Comme j’aime le cinéma, je ne résiste pas à illustrer cela par un exemple tiré du second opus du Seigneur des Anneaux. Alors que la forteresse d’Helm tombe, que la bataille tourne à l’avantage de l’ennemi, les hommes semblent terrassés, le roi désemparé. Il en est un qui se souvient de la promesse de Gandalf : « Attendez ma venue aux premières lueurs du cinquième jour, à l’aube regardez à l’Est ». Confiant dans les paroles du Magicien, ils se lancent dans la bataille. Paraît alors, dans la lumière naissante, le magicien venu soutenir les assiégés. Dans cette scène le désir d’être sauvé, d’être libéré, est bien réel. Du côté du soleil levant dans une grande lumière apparaît alors, celui qui, pour toute la cité assiégée, va devenir un vrai libérateur. Et nous, désirons-nous fermement vivre de cette lumière ?

Faire un pas dans la foi avec lui, faire un pas vers le ciel, dans la confiance !

L’enjeu pour nous vieux chrétiens, et pour vous catéchumènes, c’est finalement de faire un pas de plus avec le Christ et vers le Christ pendant ce Carême. Abraham est invité en découvrant la terre promise à faire un pas de plus dans la confiance en Dieu. À Pierre, Jacques et Jean, Jésus ne donne pas de voir tout de suite la gloire de Thabor, ils les invite à le suivre sur la montagne, à faire un pas. La vie chrétienne est faite de ces petits pas. Quand vous courez un marathon, vous êtes heureux et soulagé de voir les étapes : 5 km, 10 km… De la même manière notre vie chrétienne est faite de ces petits pas de confiance en Dieu tout en re-fixant le but : « Les yeux fixés sur Jésus-Christ entrons dans le combat de Dieu ». Le but de notre vie, le but de notre Carême, le but de nos efforts, et pour vous le but de votre préparation au baptême, n’est autre que d’être davantage conforme à notre vocation de « citoyens de cieux ». Combien d’entre nous, en contemplant cet Évangile se sont rappelés cette vérité fondamentale : notre cité se trouve dans les cieux ? Nous sommes promis à la gloire à venir. Cette transformation ne se fait pas en un instant. Elle comprend le temps du désert où Dieu semble se cacher, le temps de combat intérieur, le temps de la croix pour à terme goûter au temps de la joie ! Elle nous demande de mettre un pied devant l’autre, en gardant l’objectif : le Christ !

En ce dimanche, frères et sœurs, réjouissons-nous donc de contempler déjà les arrhes du salut pascal.
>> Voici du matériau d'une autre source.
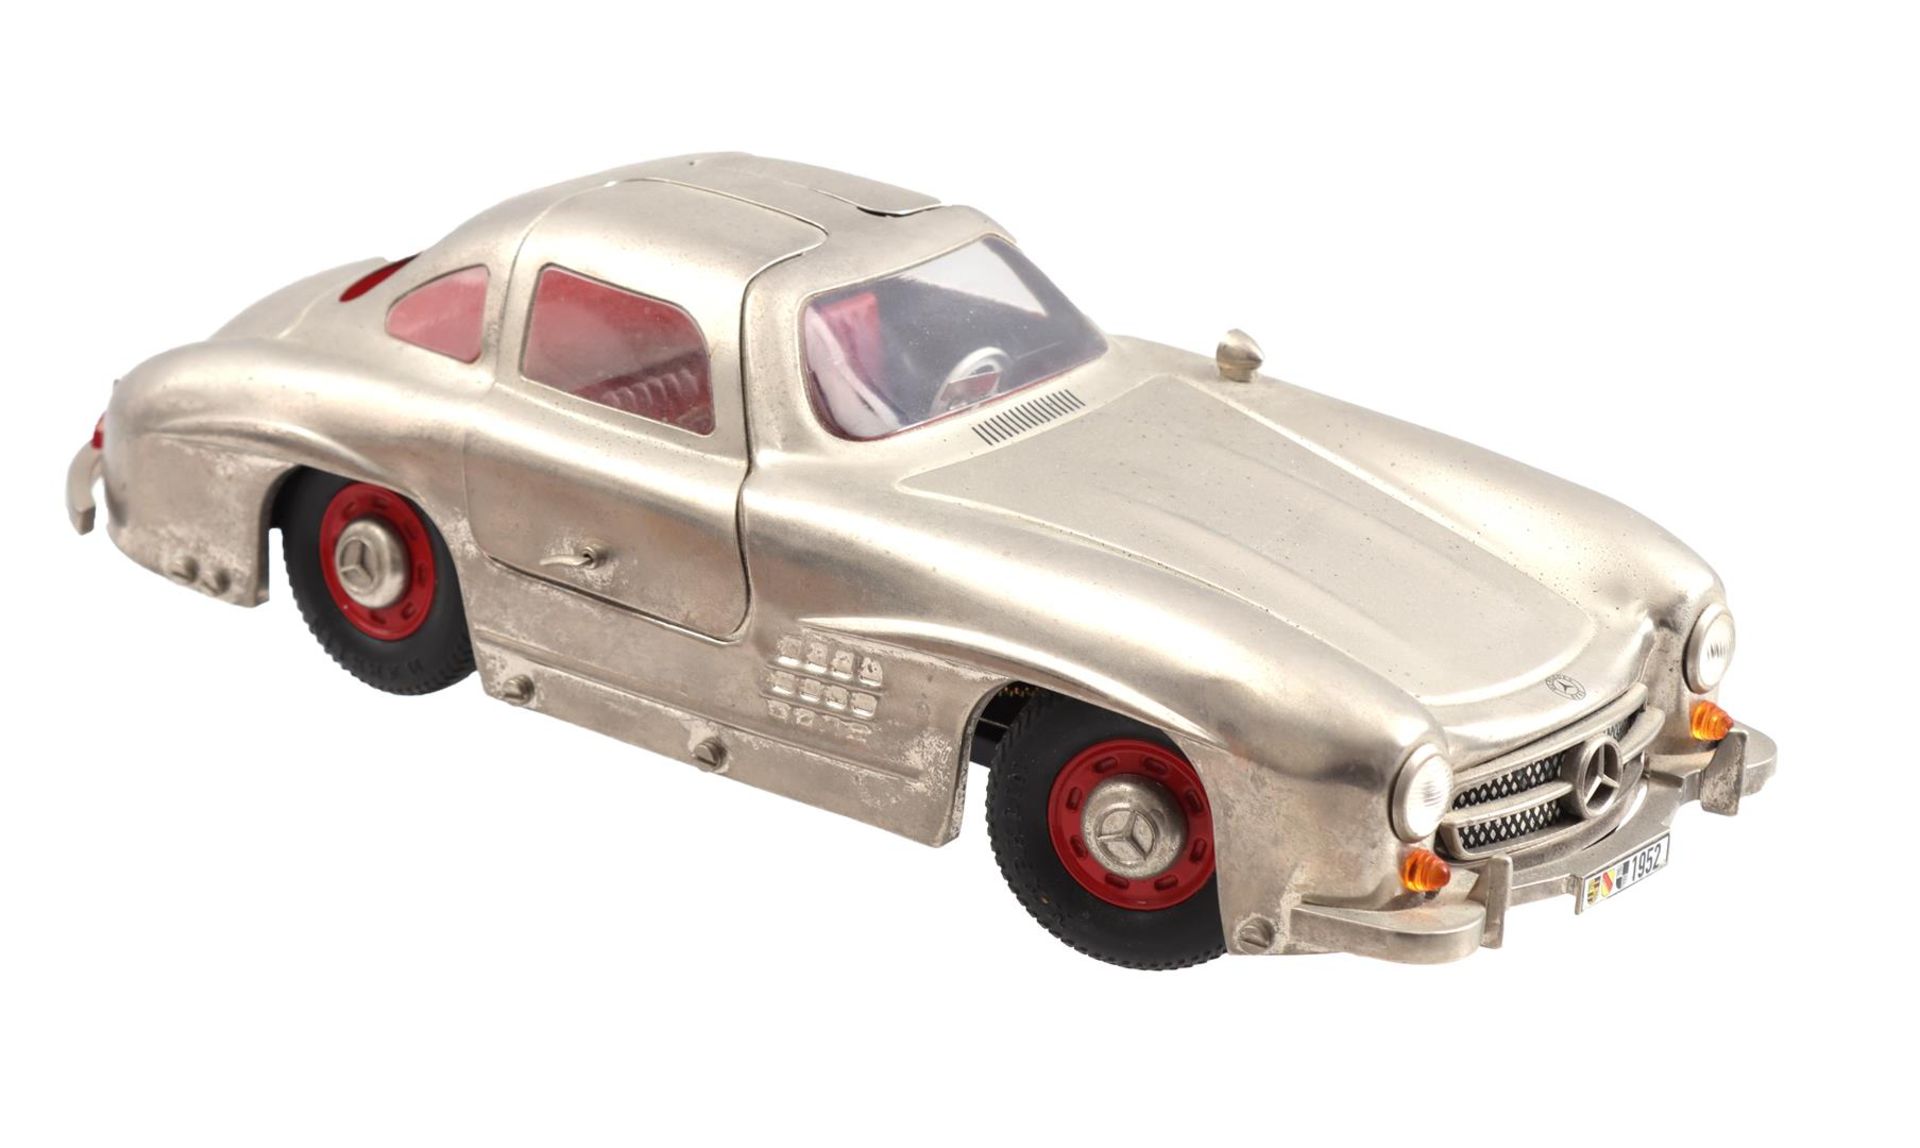 Märklin Mercedes scale model

Cette scène de la transfiguration, de même que le désir de nos frères catéchumènes, nous rappelle le but de notre sainte quarantaine : la vie avec Dieu, en Dieu et pour Dieu. La présence du Christ qui donne sens à nos vies. N’ayons pas peur de renouveler notre désir de vivre comme cela. Et choisissons pour notre semaine, comme Abraham ou comme Pierre, de faire avec Jésus un petit pas dans la confiance en Dieu. « Les yeux fixés sur Jésus Christ, entrons dans le combat de Dieu », nous sommes promis à la gloire du Royaume.